Commonage Framework Plans have governed sheep numbers on commonages for the last decade. However in recent years it has become increasingly apparent that these were dated and no longer provided for the needs of those involved in commonage management. To deal with this, the Dept. of Agriculture and the National Parks and Wildlife Service have reviewed the Commonage Framework Plans to make them more relevant to current requirements. This review was based on the patterns of recovery observed in commonages throughout Ireland since 2004. 

Implementation of the commonage framework plans resulted in many farmers having to destock from their original ewe quota level. The new system breaks the link with the old ewe quota and instead allows farmers to stock at sustainable levels. In effect this means that the starting point is zero and that farmers can increase their stocking to a sustainable level as determined in the commonage review. 

The new system also introduces a collective approach to managing commonages. It will be the shareholders themselves who will determine how many animals each farmer will graze on the commonage. However the total number must be within a minimum and maximum number for the commonage as set out in the letter from the Dept. of Agriculture. This collective responsibility may also allow the Dept. of Agriculture to impose penalties on all shareholders if a commonage is improperly managed. 

Farmers utilise the commonage for grazing livestock, but it also represents forage area on which they get paid in the dis-advantaged area and single payment schemes To ensure that all farmers can continue to get what they need out of their commonage they should reach an internal agreement among themselves.
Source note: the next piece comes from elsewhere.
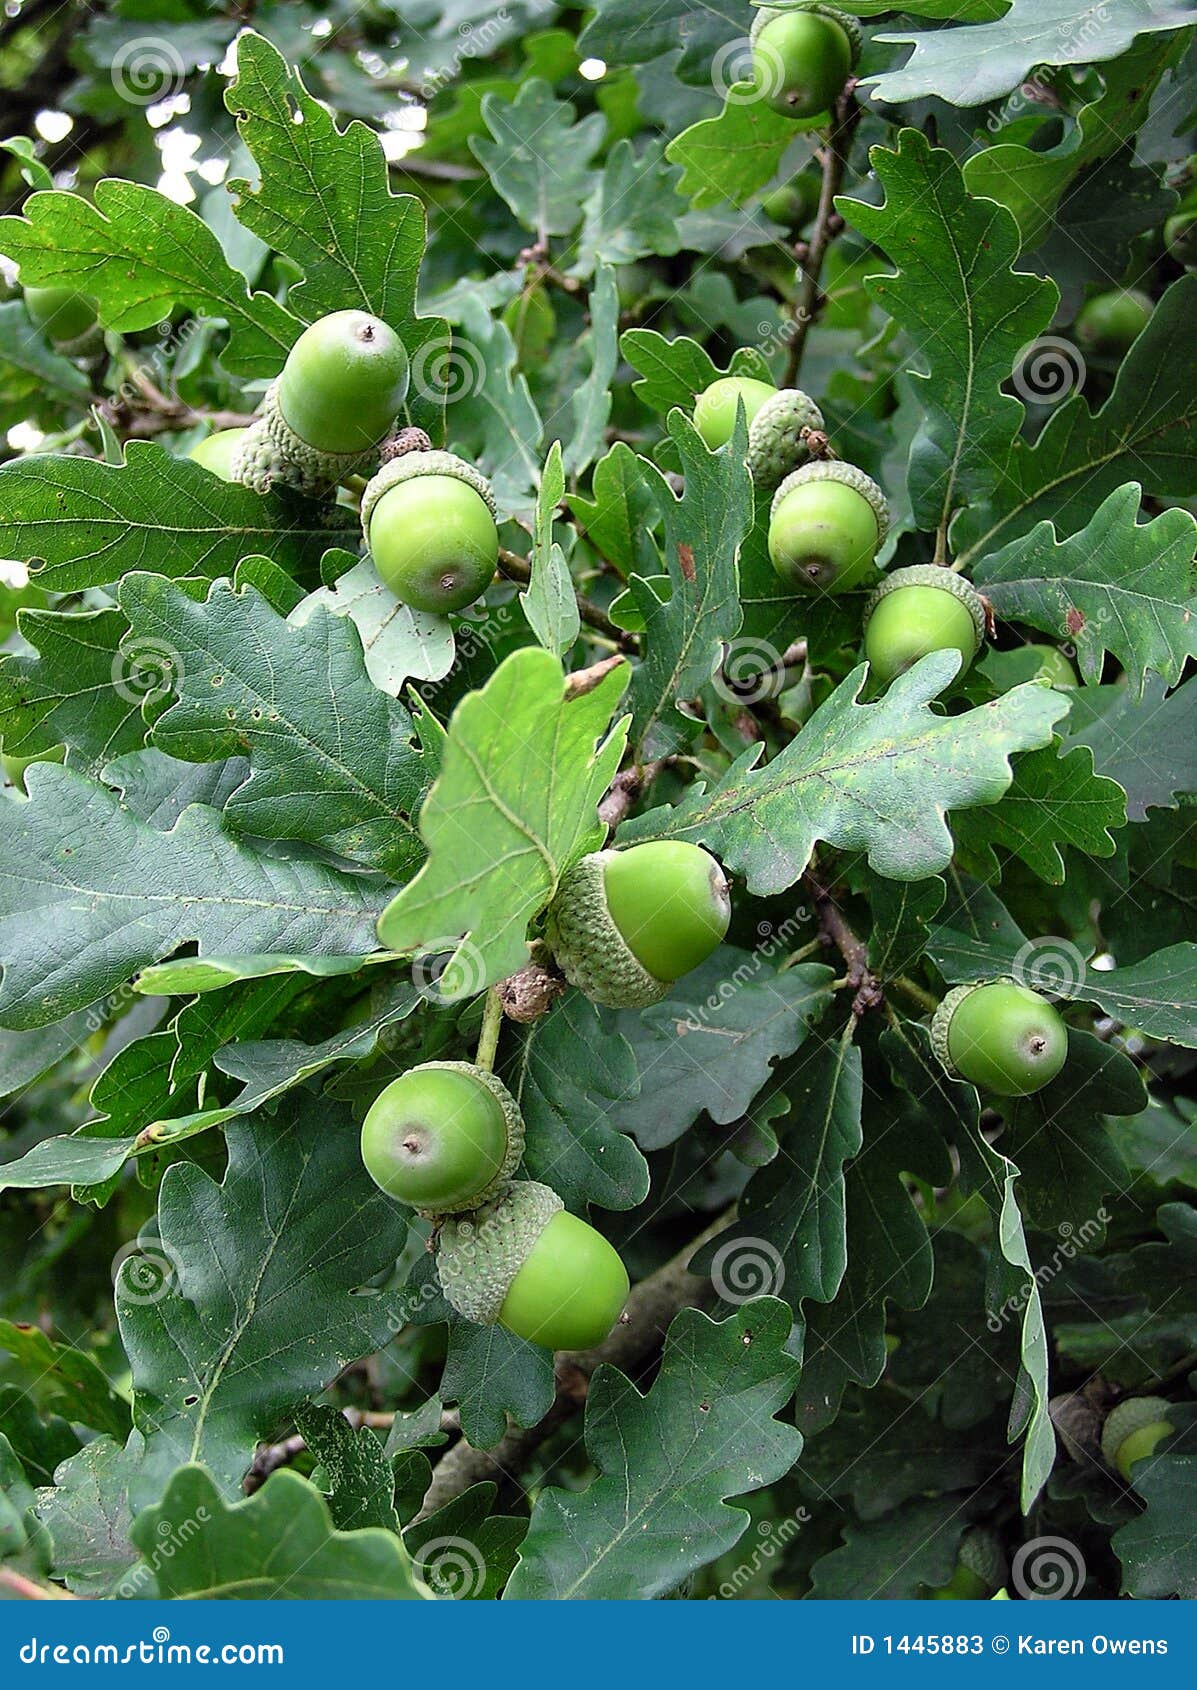 green acorns

This agreement must be agreed by the farmers themselves however it may be facilitated by an expert third party. The agreement will ensure that all shareholders know where they stand, what commitments they have and how they will resolve any disputes, either between themselves or with outside bodies. In short the internal agreement sets out how they are going to manage their commonage. The contents of the agreement are up to the farmers themselves but as a minimum it should set out how many animals each farmer will keep so that the group can meet the sustainable stocking requirement. 

It is unlikely that an even split between all shareholders will be the optimum approach to achieve this. The circumstances and farm enterprises of different shareholders will vary, some may be unwilling to increase numbers at all, others perhaps, may wish to increase to a level in excess of what an even split would allow. The situation is further complicated by dormant shareholders who do not farm the commonage at all and by the renting and leasing of shares. While dealing with all of these issues is not straightforward, the problems posed are manageable. However to do this successfully requires a structured and most importantly, a workable agreement between the shareholders. 

This is an opportunity for farmers to manage their commonage together, largely free from external interference. It is not something that people should fear or be apprehensive about, but it does require their careful attention.

Saturday, 29 September 2012

AEOS 3 Scheme Announced

AEOS 3 schemes announced at the ploughing championships. The Minister of Agriculture, Food and the Marine has announced that €20 million euro has been made available to finance an AEOS 3 scheme. This will be enough to accommodate approx 6,000 farmers. Priority will be given to farmers with commonage or Natura land (SAC or SPA). The details of this scheme have not been announced yet but are expected in the very near future.

Full details will be posted on this site as soon as they are available.